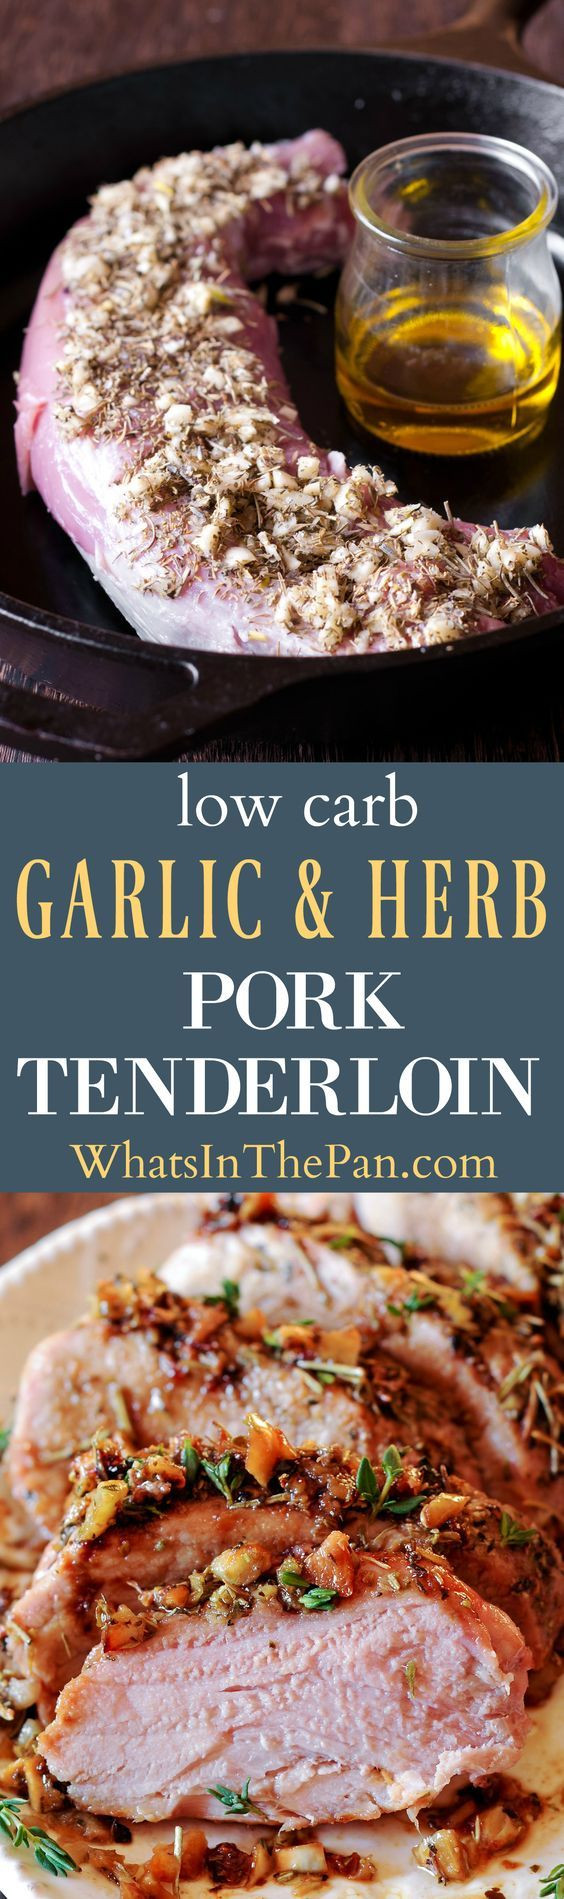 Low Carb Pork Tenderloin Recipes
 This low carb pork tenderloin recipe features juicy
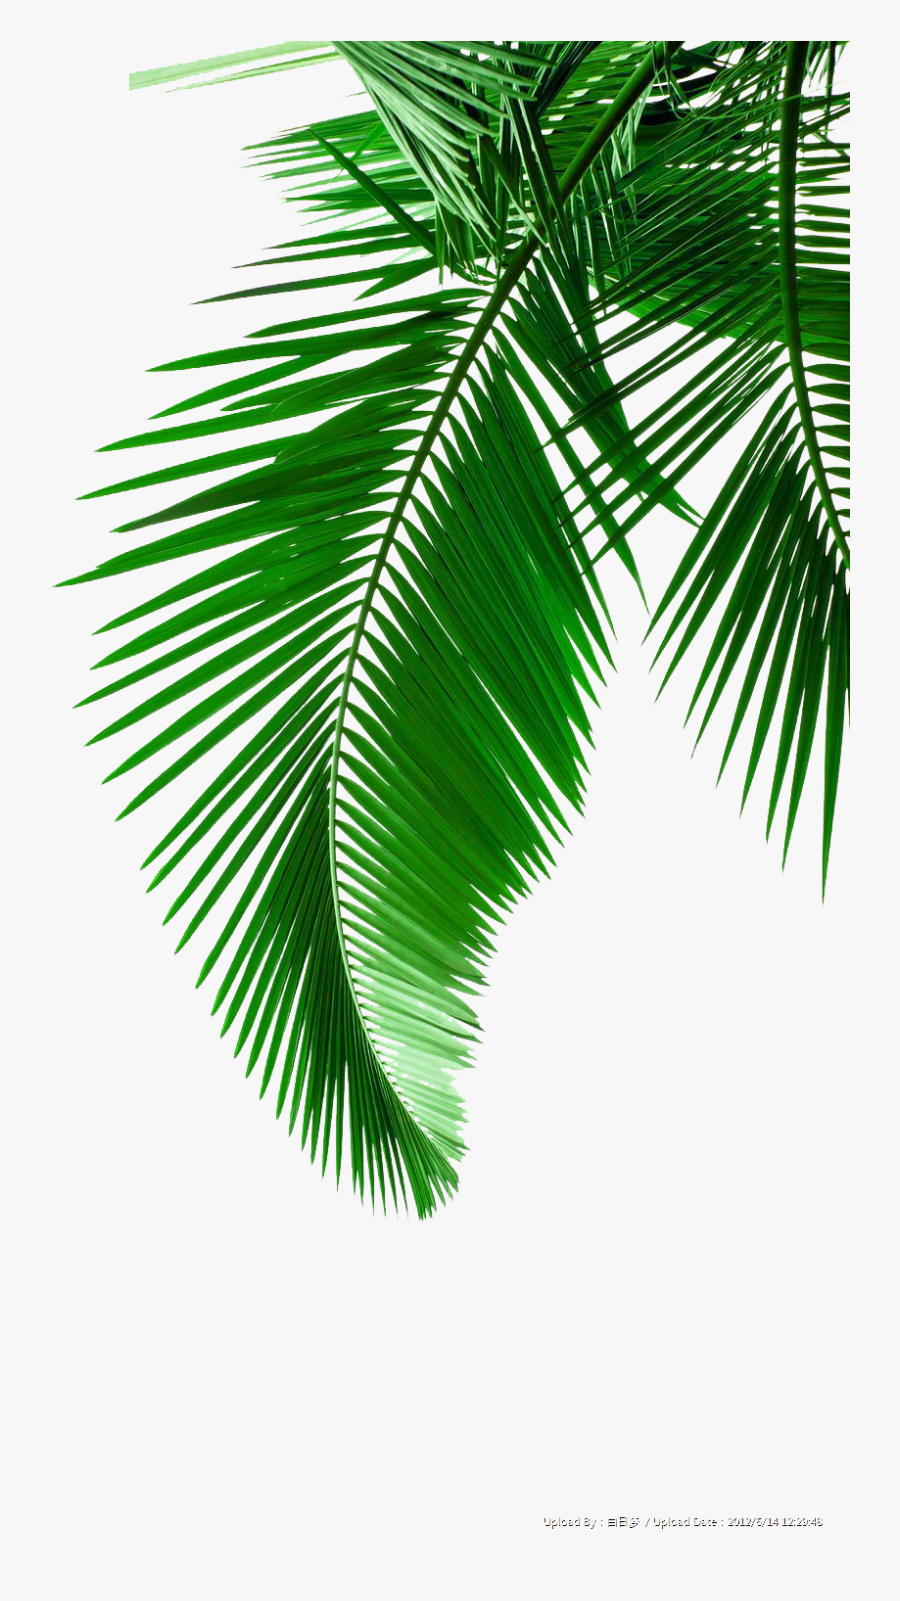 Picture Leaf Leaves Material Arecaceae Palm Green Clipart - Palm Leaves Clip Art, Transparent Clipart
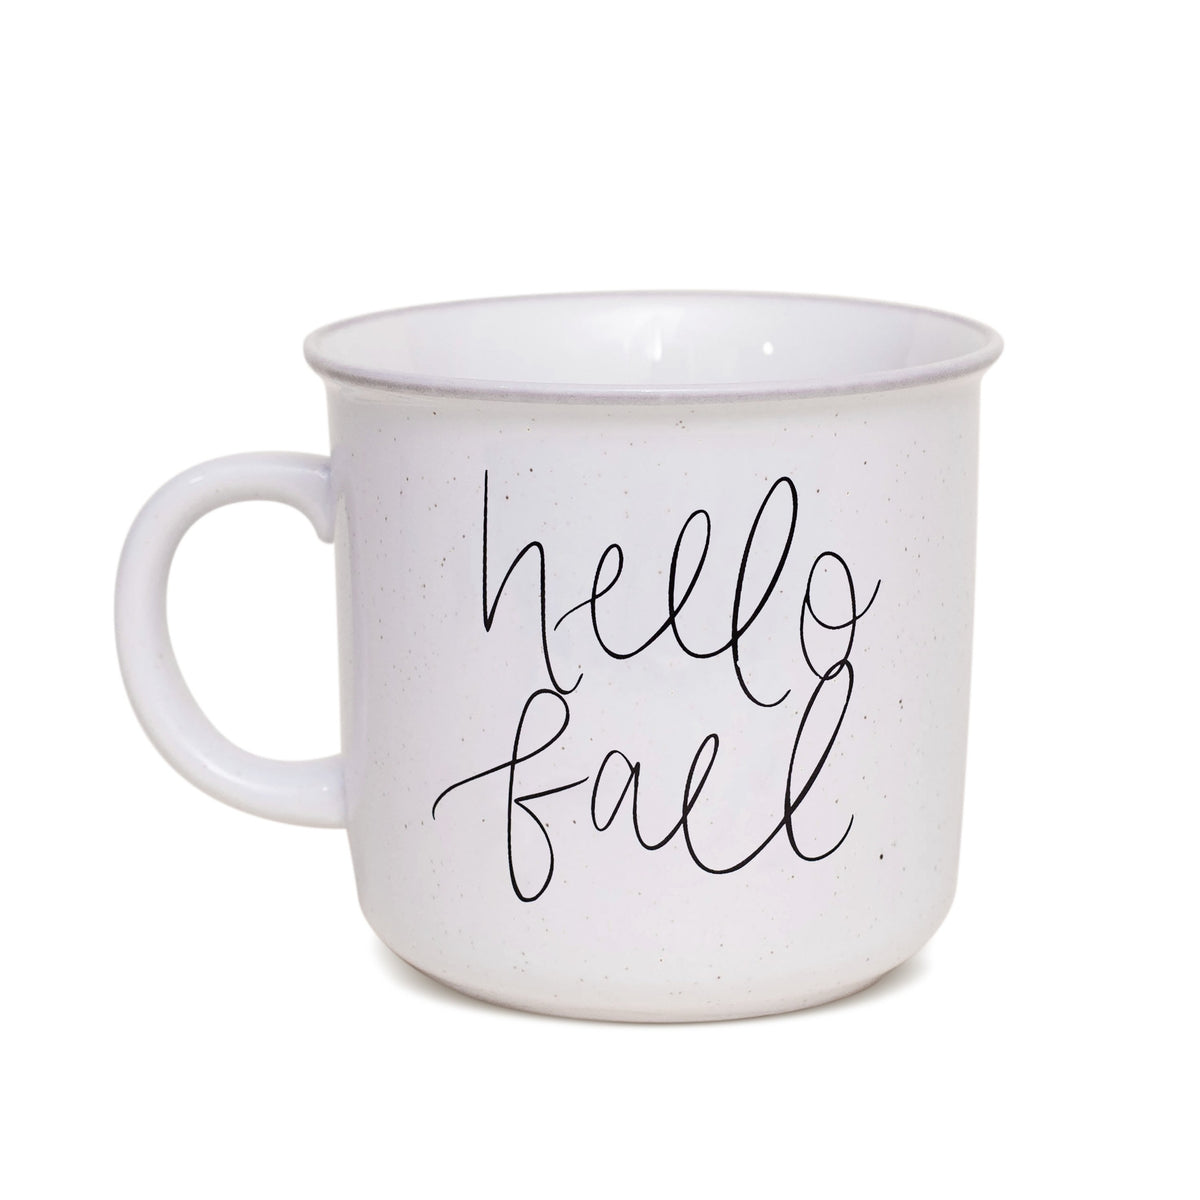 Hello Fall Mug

--

▶ _ASSIGNED TASK_
Could the data above be reproduced exactly, with the pictures left out?

▶ _ANSWER BELOW_
 Low Carb Pork Tenderloin Recipes
 This low carb pork tenderloin recipe features juicy
 Picture Leaf Leaves Material Arecaceae Palm Green Clipart - Palm Leaves Clip Art, Transparent Clipart
 Hello Fall Mug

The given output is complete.